*** Begin section ***
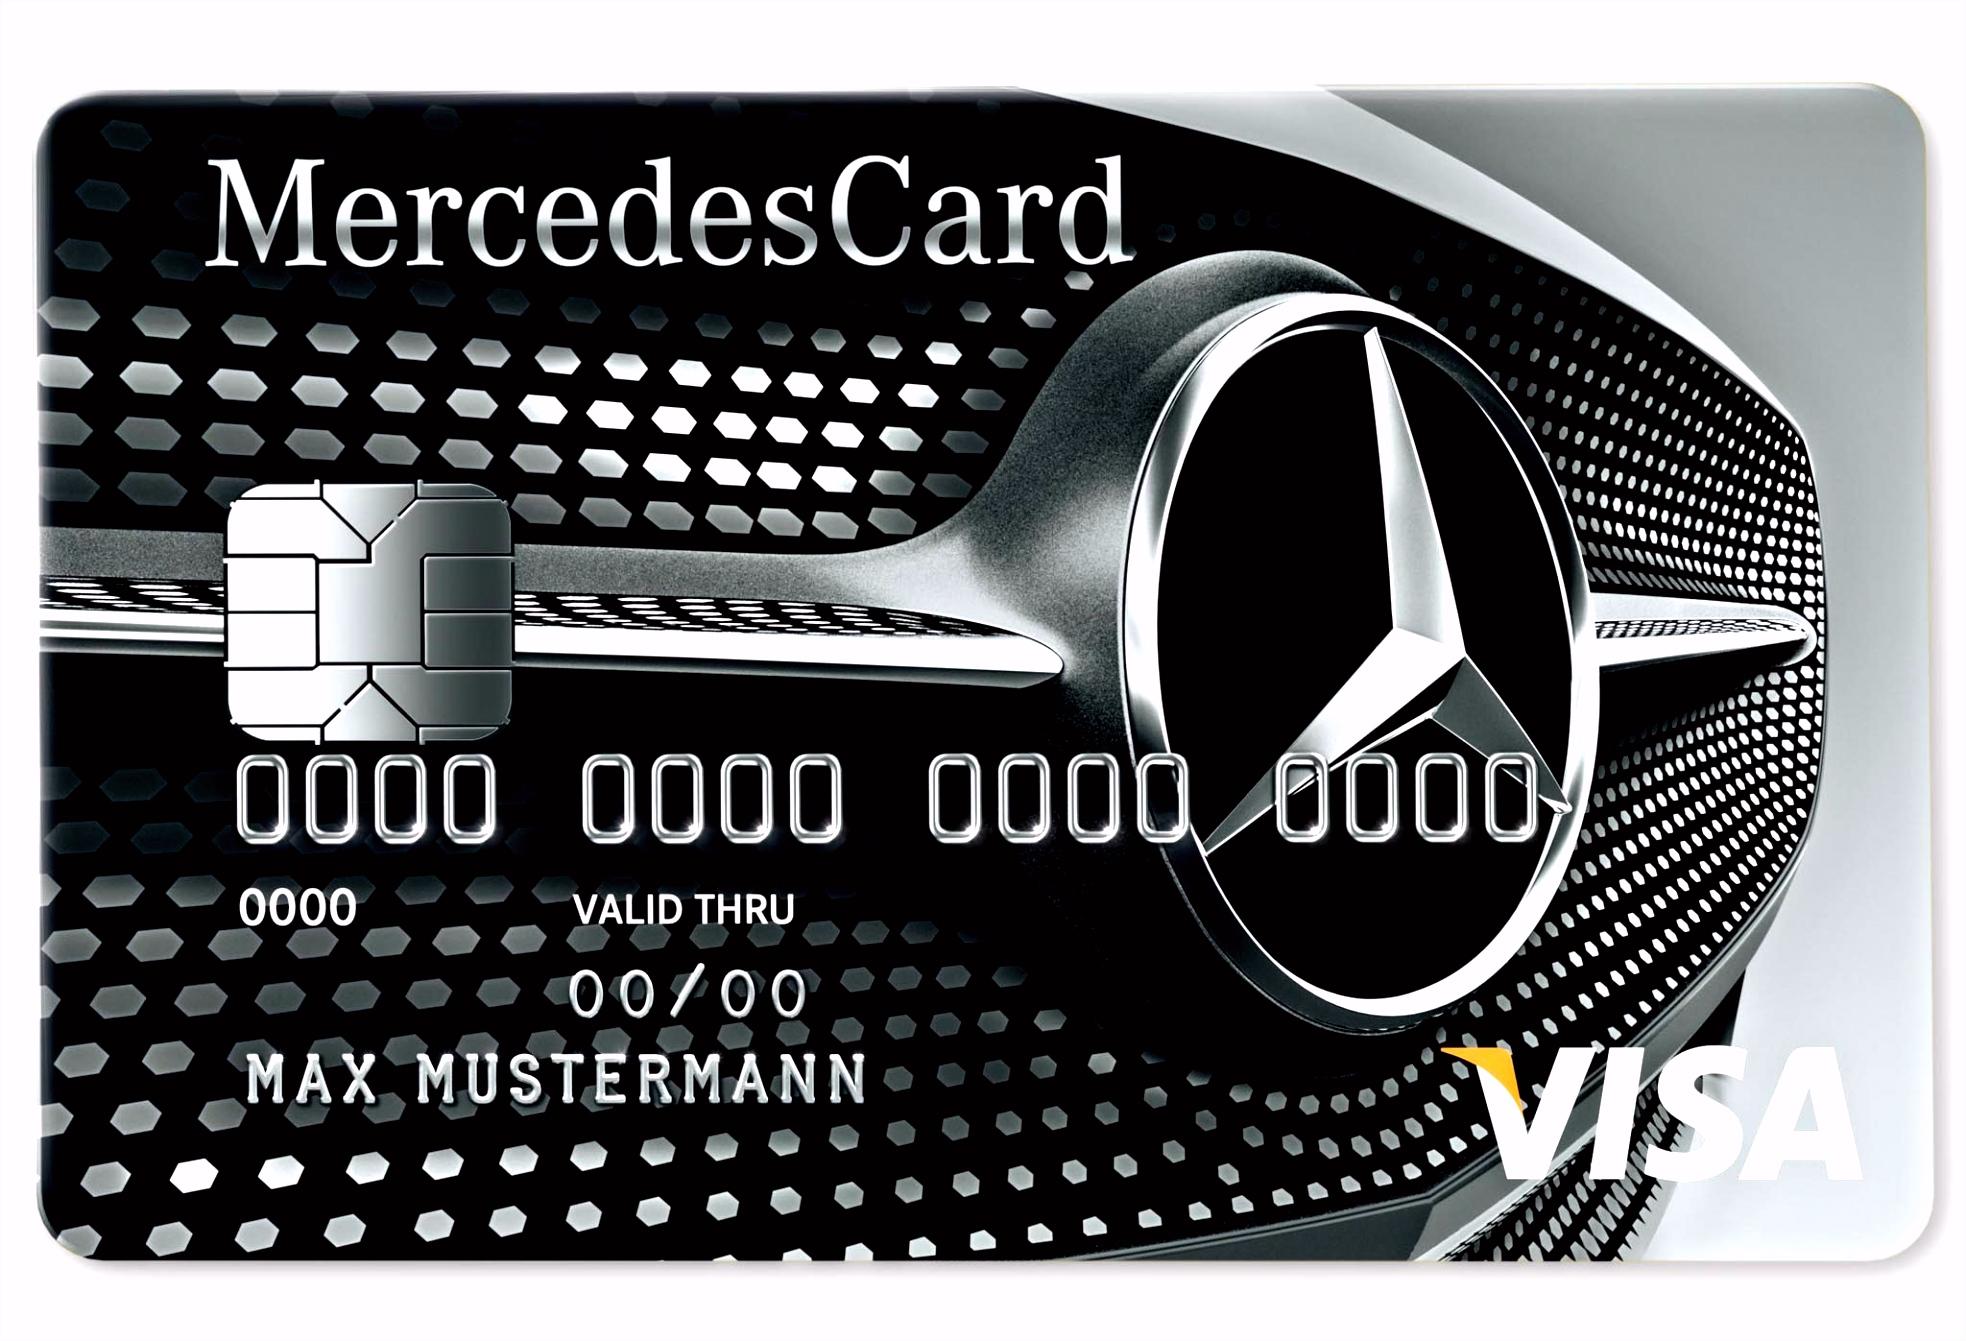 Visa Card Kundigen Vorlage Neue Mercedescard Silber Und Gold Mercedes Benz Passion Blog Y2df42hry4 Ohttv2ewh6
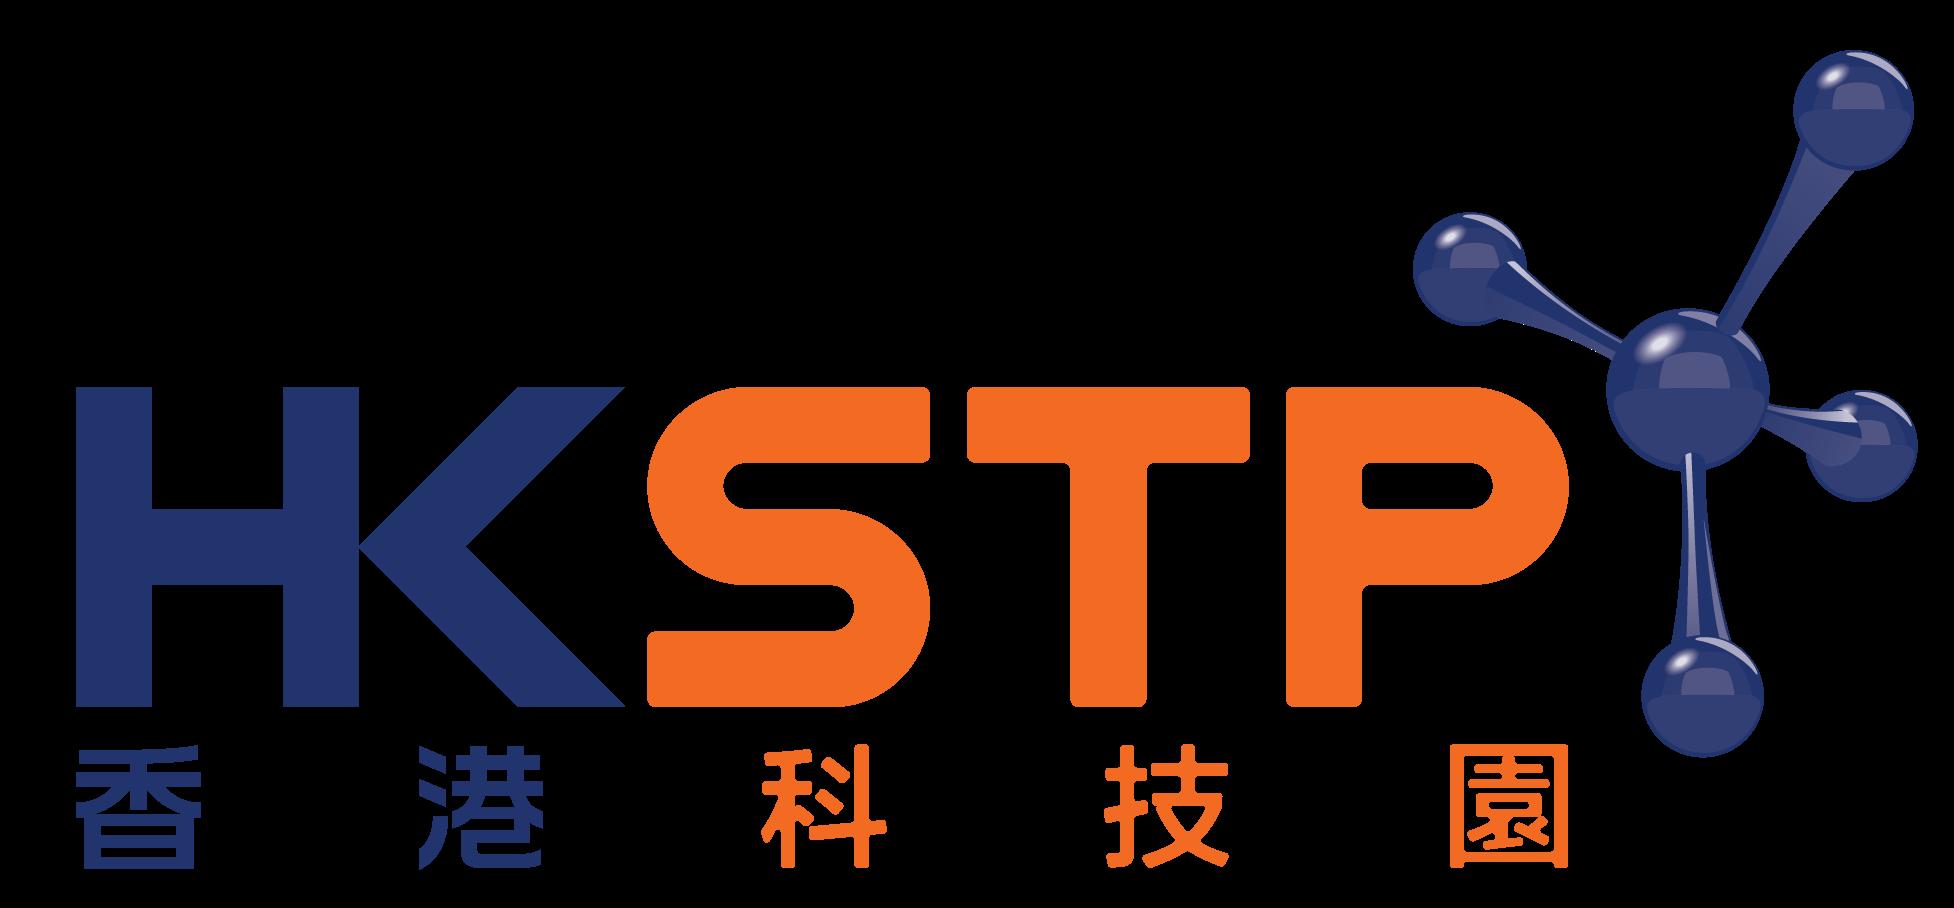 HKSTP_crop
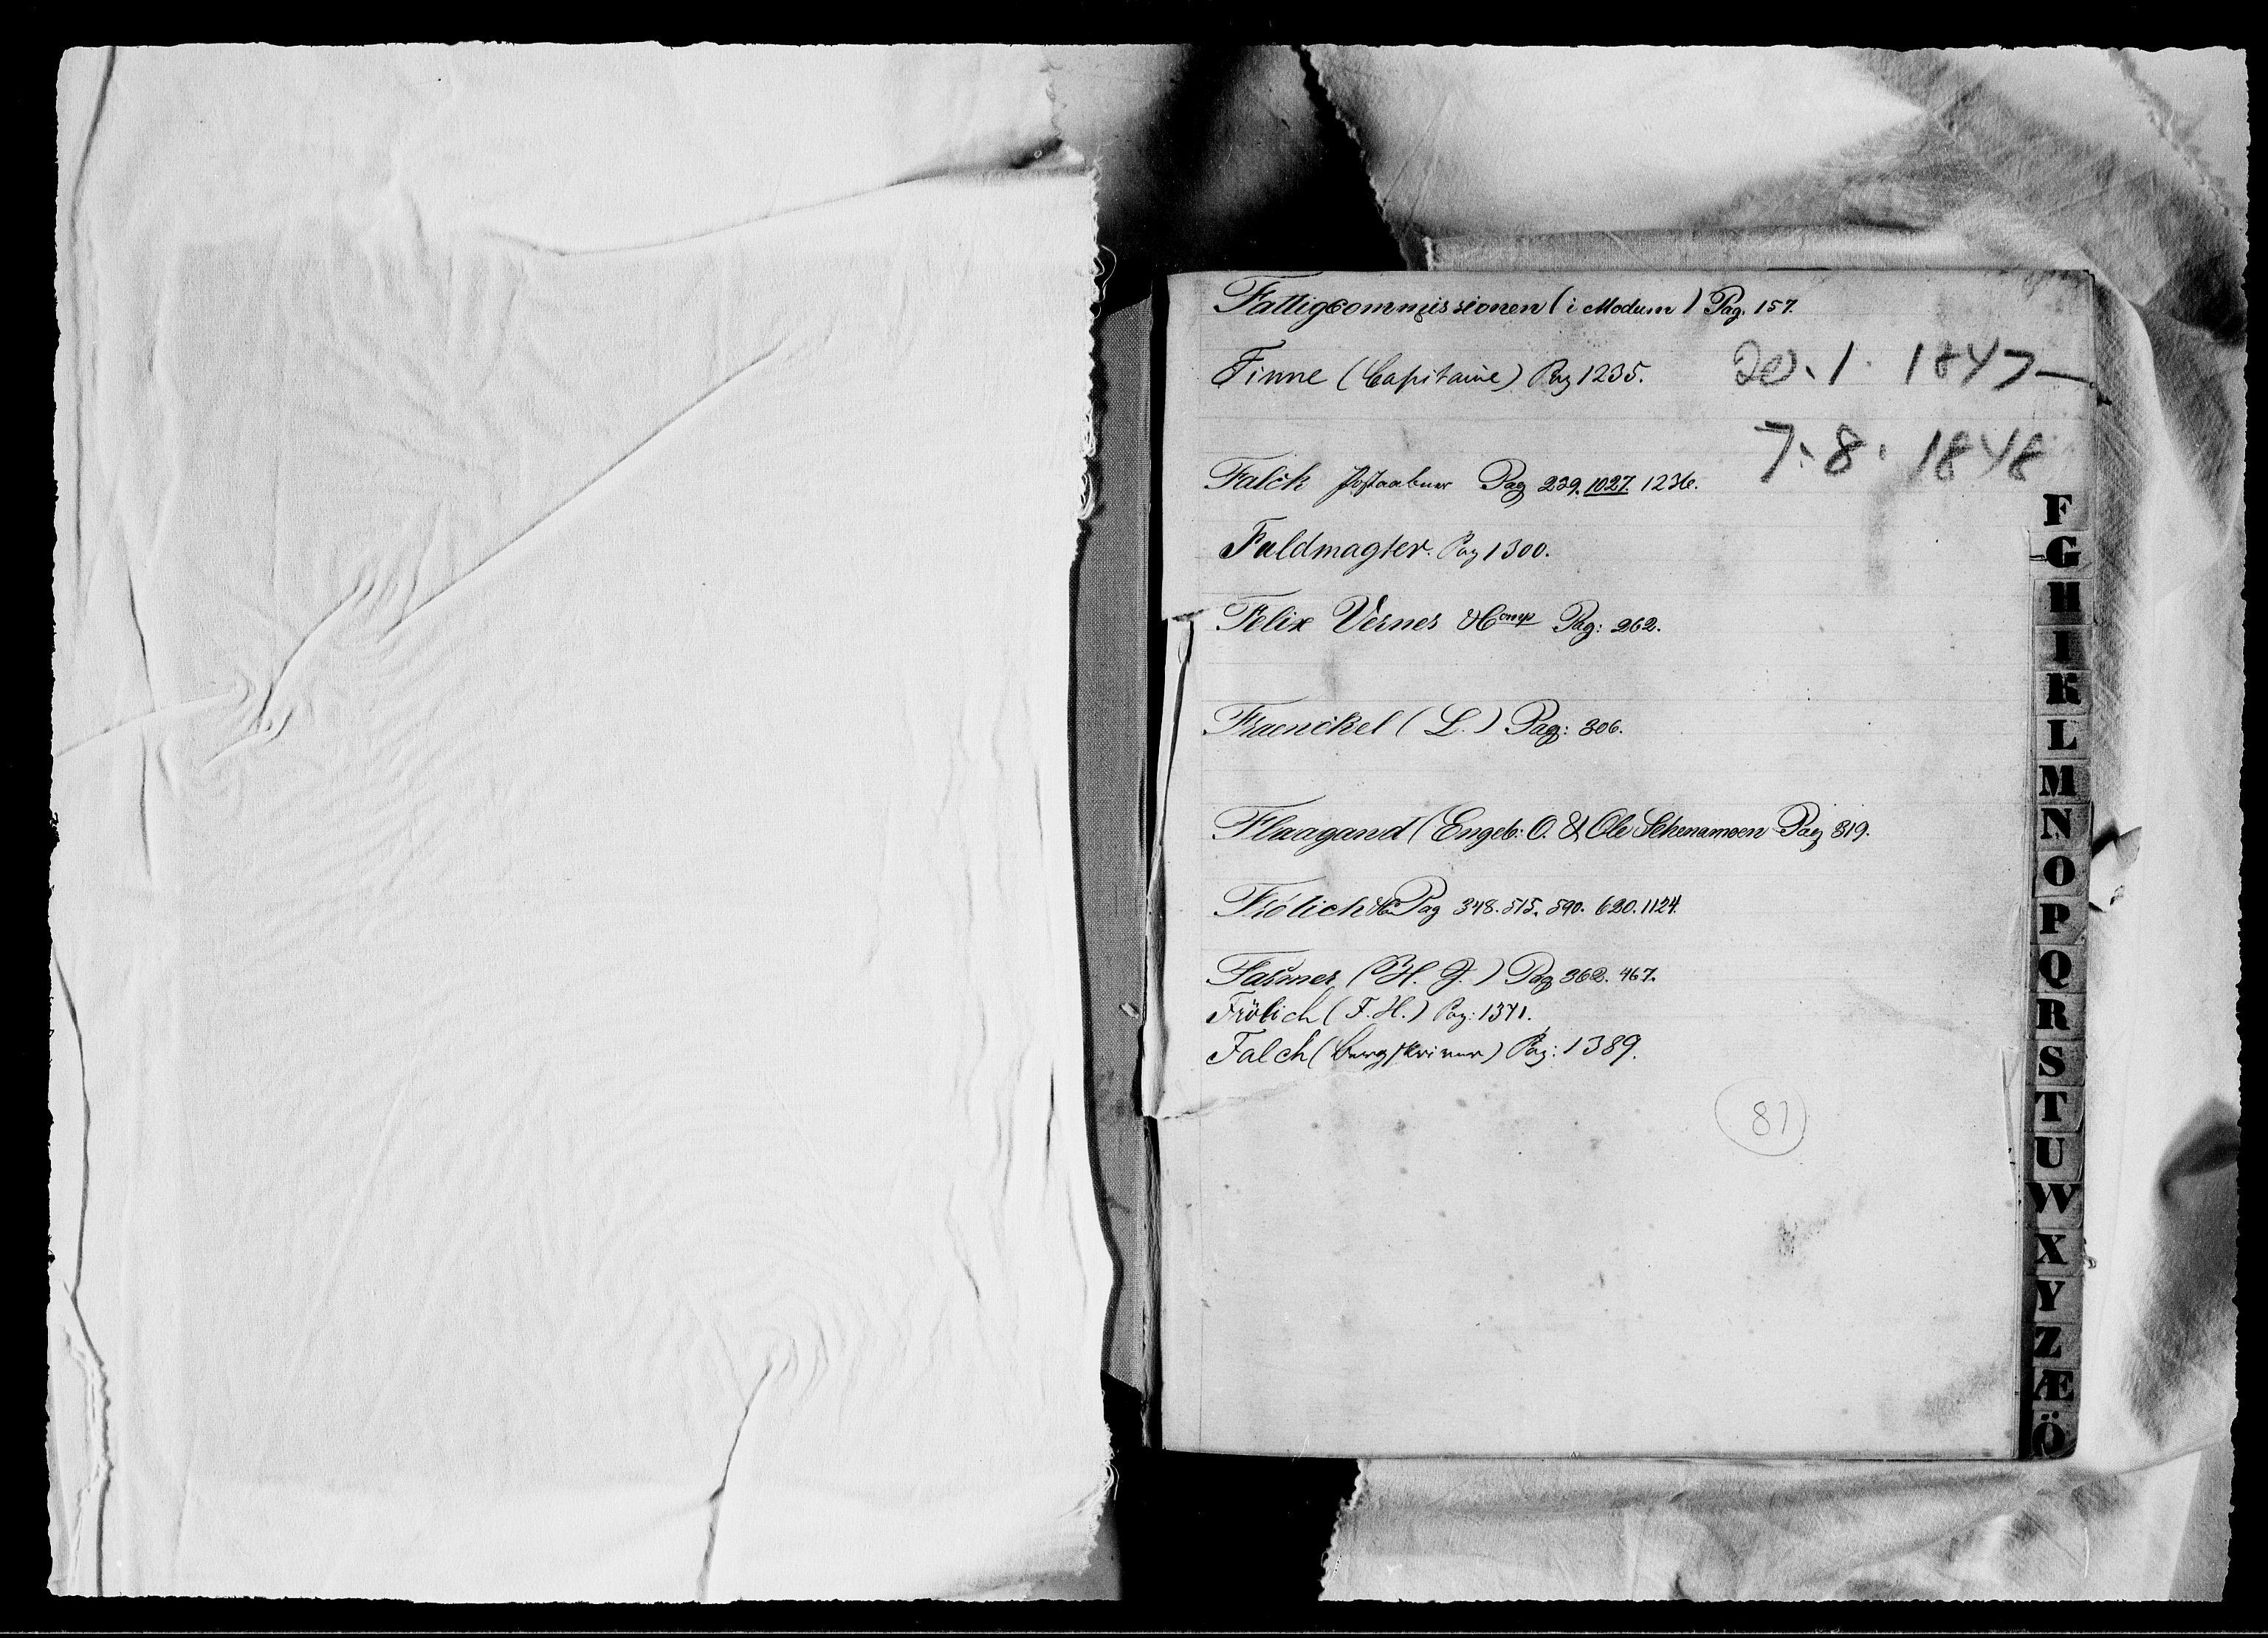 RA, Modums Blaafarveværk, G/Gb/L0081, 1847-1848, s. 2
*** End section ***
**Assignment**
Leaving out the pictures, restate the listing above exactly.

**Answer to this exercise**
 Visa Card Kundigen Vorlage Neue Mercedescard Silber Und Gold Mercedes Benz Passion Blog Y2df42hry4 Ohttv2ewh6
 HKSTP_crop
 RA, Modums Blaafarveværk, G/Gb/L0081, 1847-1848, s. 2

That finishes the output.